- Born: 20 July 1943
- Died: 2 May 2010 (aged 66)
- Occupation: Journalist
- Known for: Narrating destruction of his own house during the Ash Wednesday bushfires
- Spouse: Frankie
- Children: 2
- Awards: 2 Walkley Awards

= Murray Nicoll =

Australian journalist and broadcaster

Murray Nicoll (20 July 1943 – 2 May 2010) was an Australian journalist and broadcaster whose career spanned more than 45 years. He was best known for providing reports on 5DN radio from his own burning home during the Ash Wednesday fires of 1983. His reports on the fire and the destruction of his house earned Nicoll the 1983 Walkley Award for best radio news report.

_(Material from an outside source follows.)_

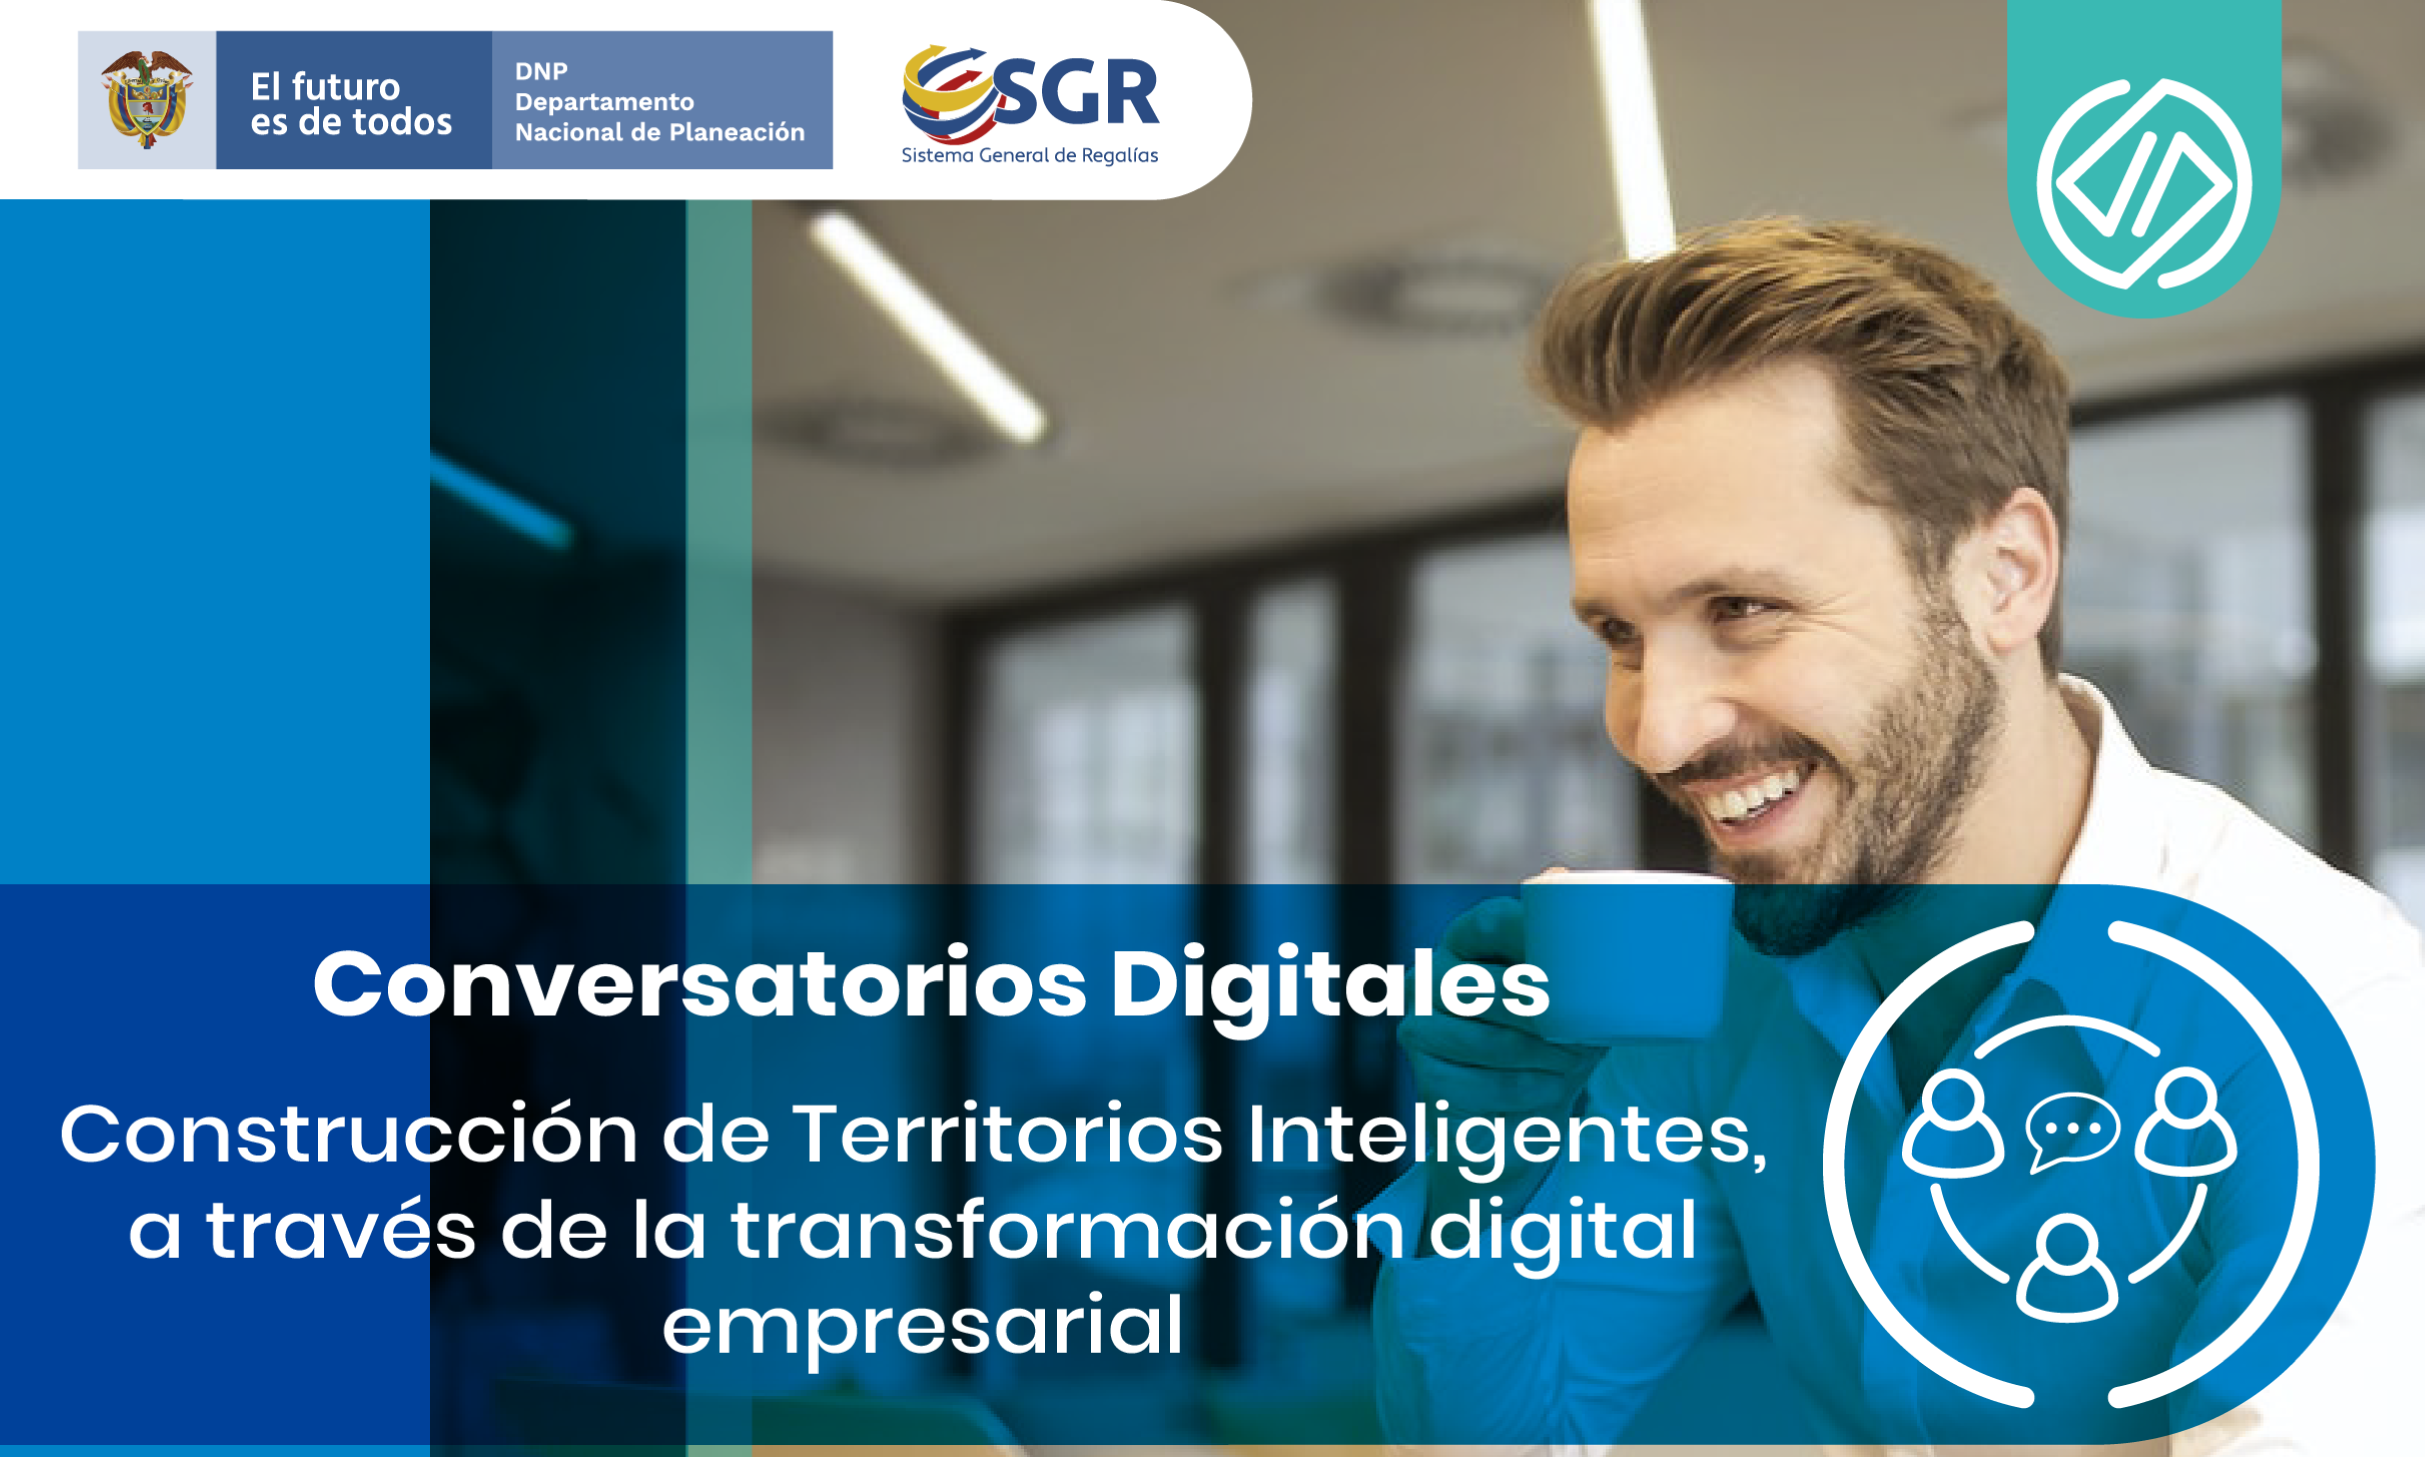 Datic invita al conversatorio “Construcción de territorios inteligentes a través de la transformación digital empresarial”

Nicoll's resume in journalism included stints at The News, in Melbourne radio, including the top rating drive time program on 3AW, and ABC radio in Adelaide, Australia. He worked as a television reporter for Channel 7 during the last five years of his life. He earned the 1985 Walkley Award for best radio current affairs report for his radio broadcasts from an expedition to Mount Everest.

Nicoll died of leukaemia at his home on 2 May 2010, at the age of 66.

He was the uncle of Chris Nicoll, currently head of production for the Capital FM Network in the UK.